### Task requirements
Give back all of the data exactly, with every picture omitted.

### Input data
______

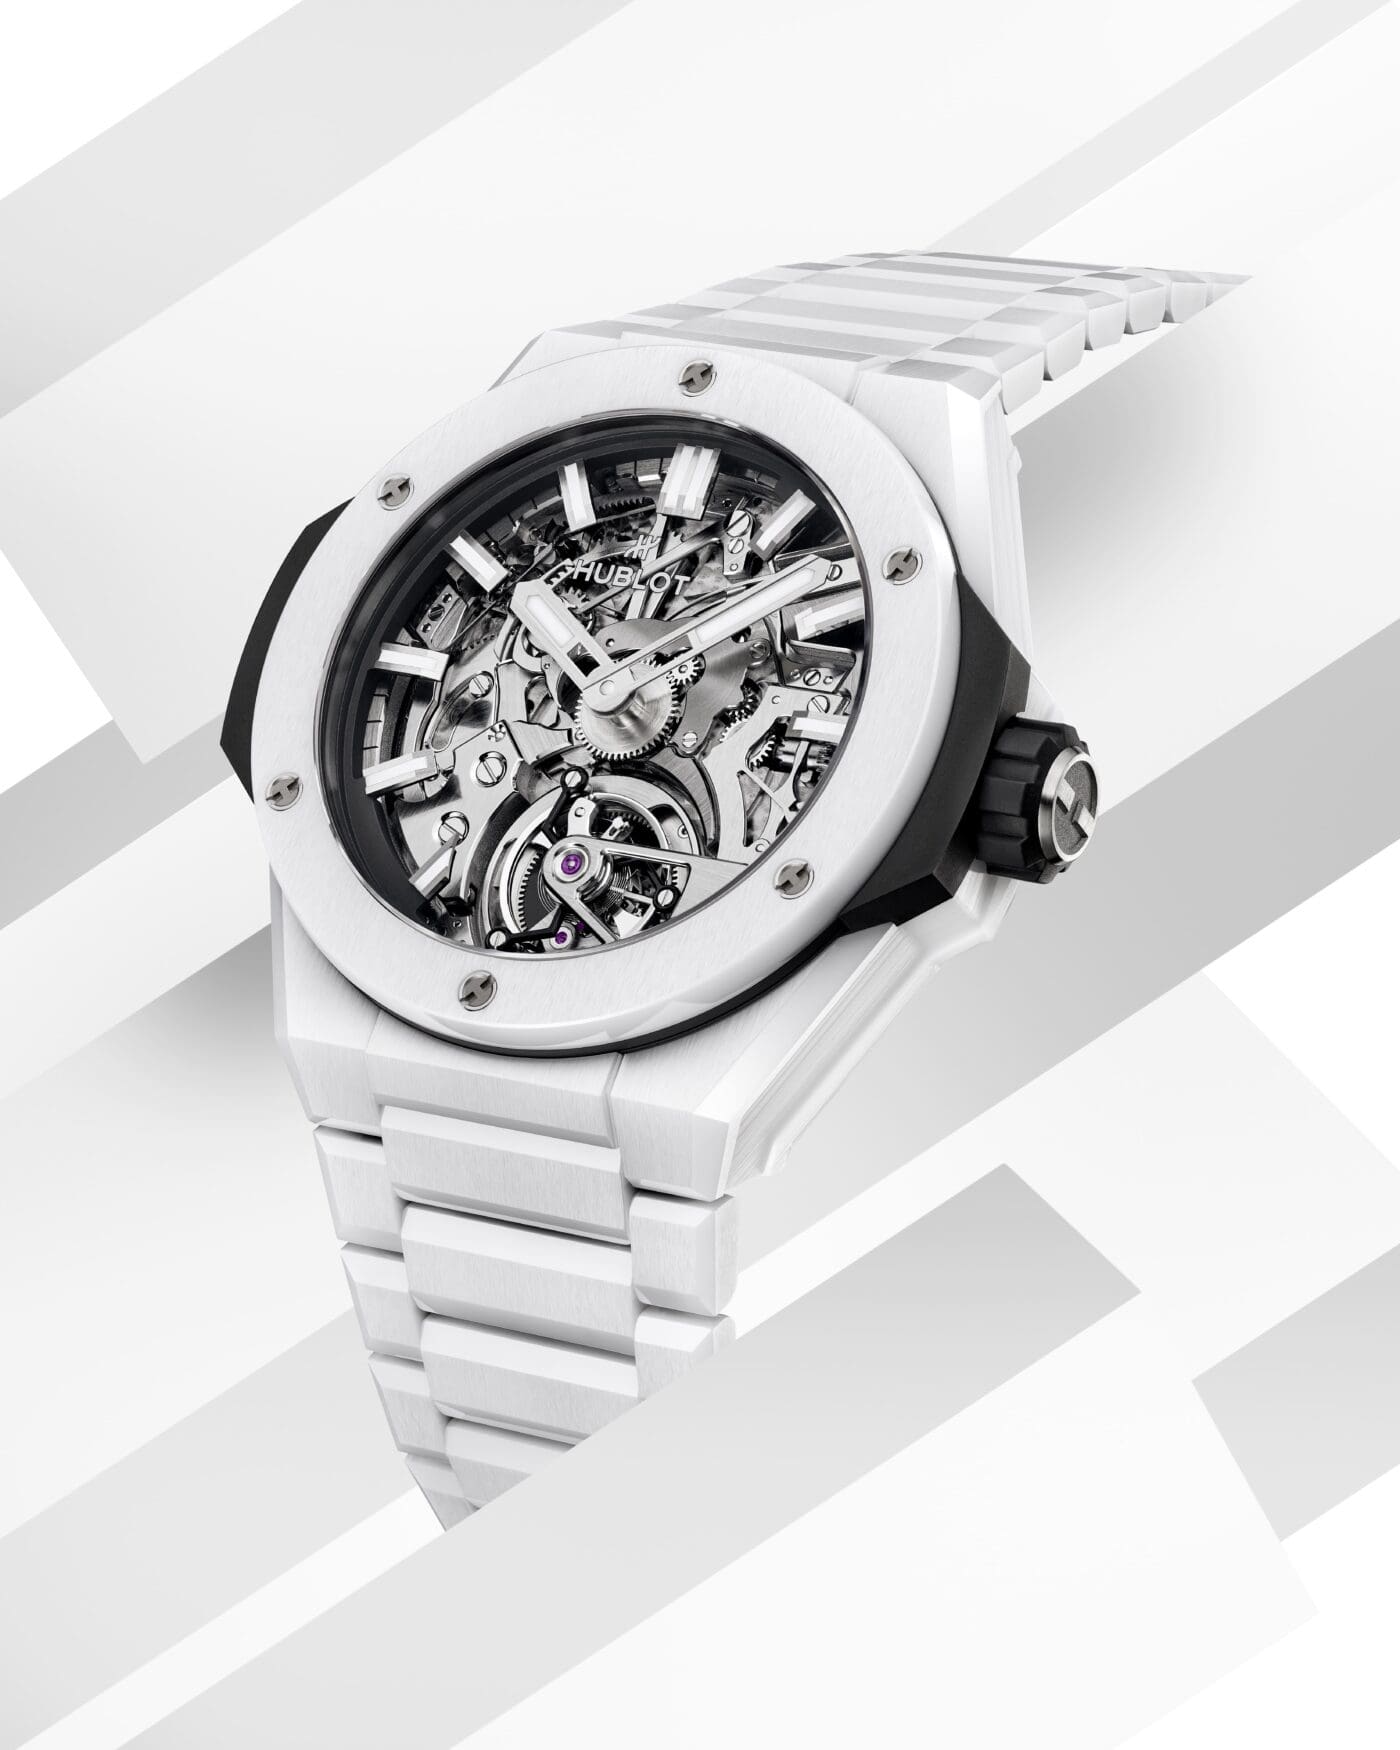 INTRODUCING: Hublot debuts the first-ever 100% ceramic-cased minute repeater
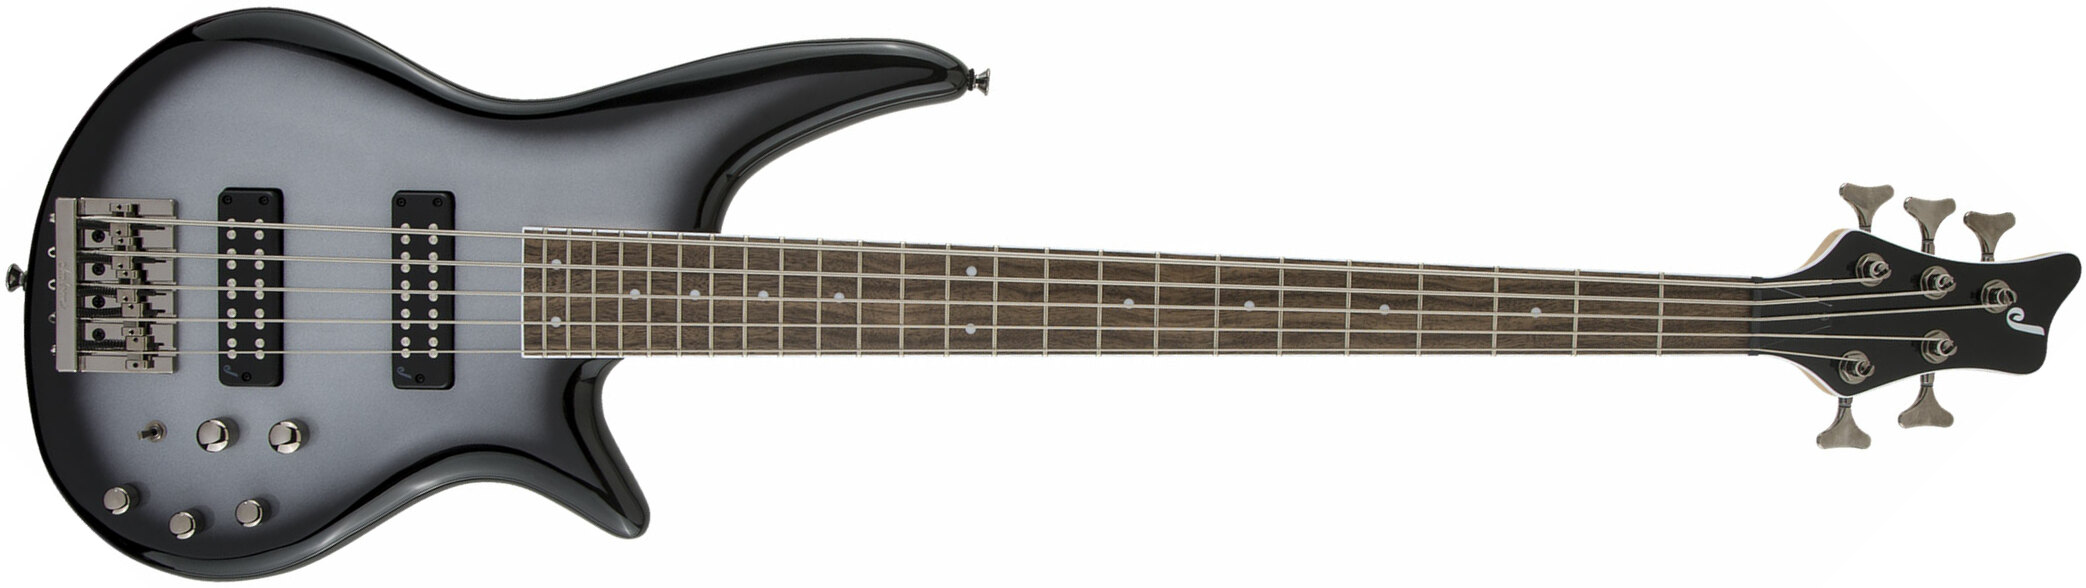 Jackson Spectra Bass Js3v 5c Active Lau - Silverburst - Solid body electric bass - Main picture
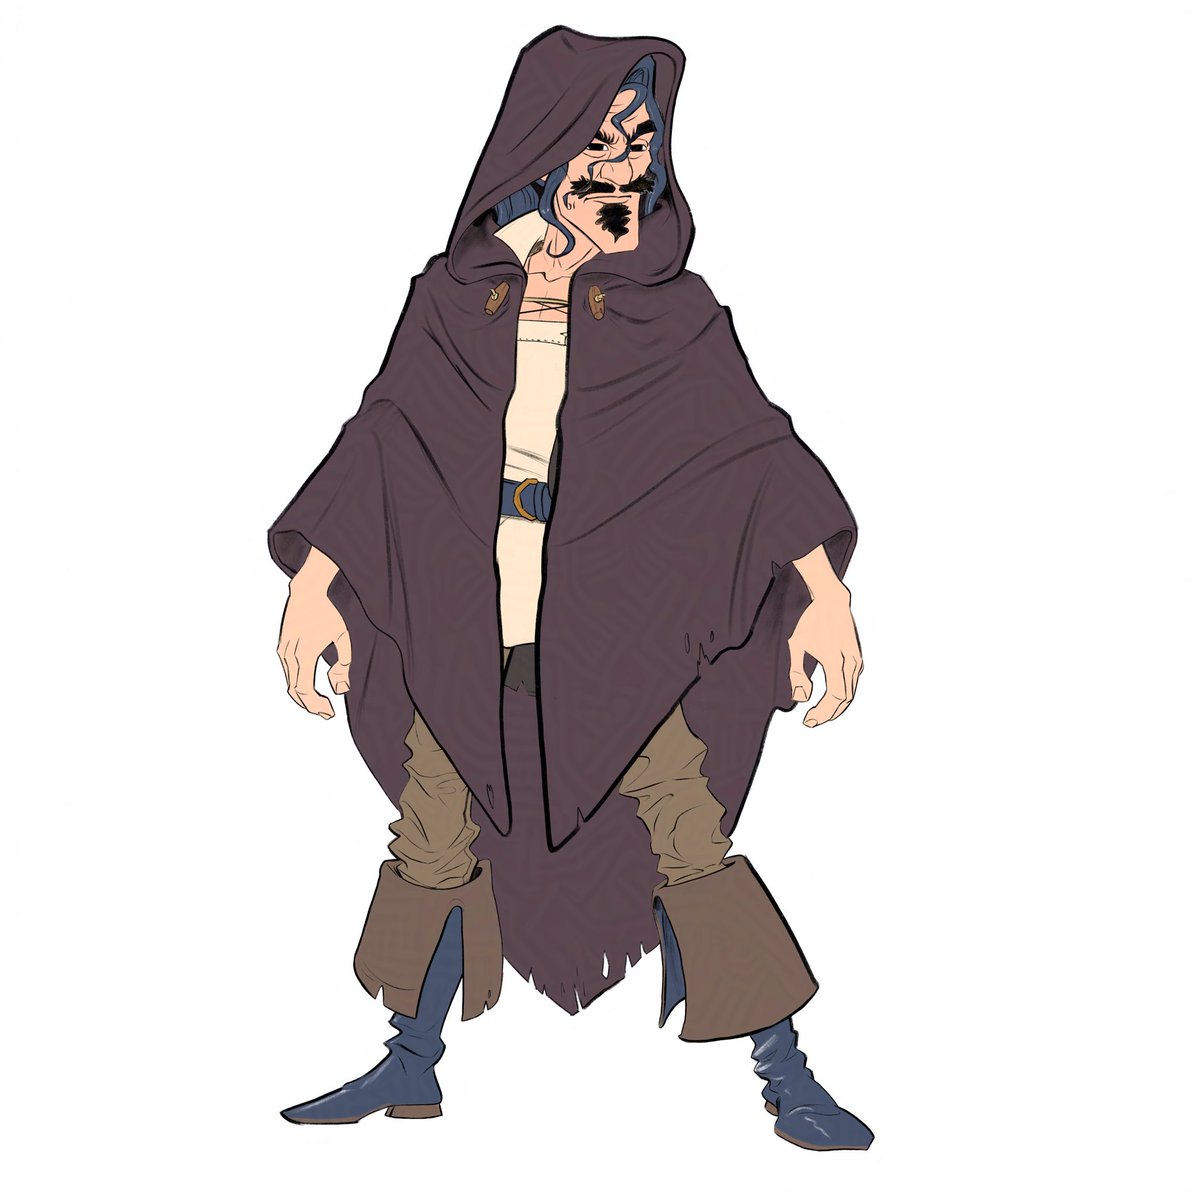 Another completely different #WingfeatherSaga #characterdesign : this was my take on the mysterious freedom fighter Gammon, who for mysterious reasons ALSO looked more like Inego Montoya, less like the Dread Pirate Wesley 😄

______

### Result
 INTRODUCING: Hublot debuts the first-ever 100% ceramic-cased minute repeater
 Jackson Spectra Bass Js3v 5c Active Lau - Silverburst - Solid body electric bass - Main picture
 Another completely different #WingfeatherSaga #characterdesign : this was my take on the mysterious freedom fighter Gammon, who for mysterious reasons ALSO looked more like Inego Montoya, less like the Dread Pirate Wesley 😄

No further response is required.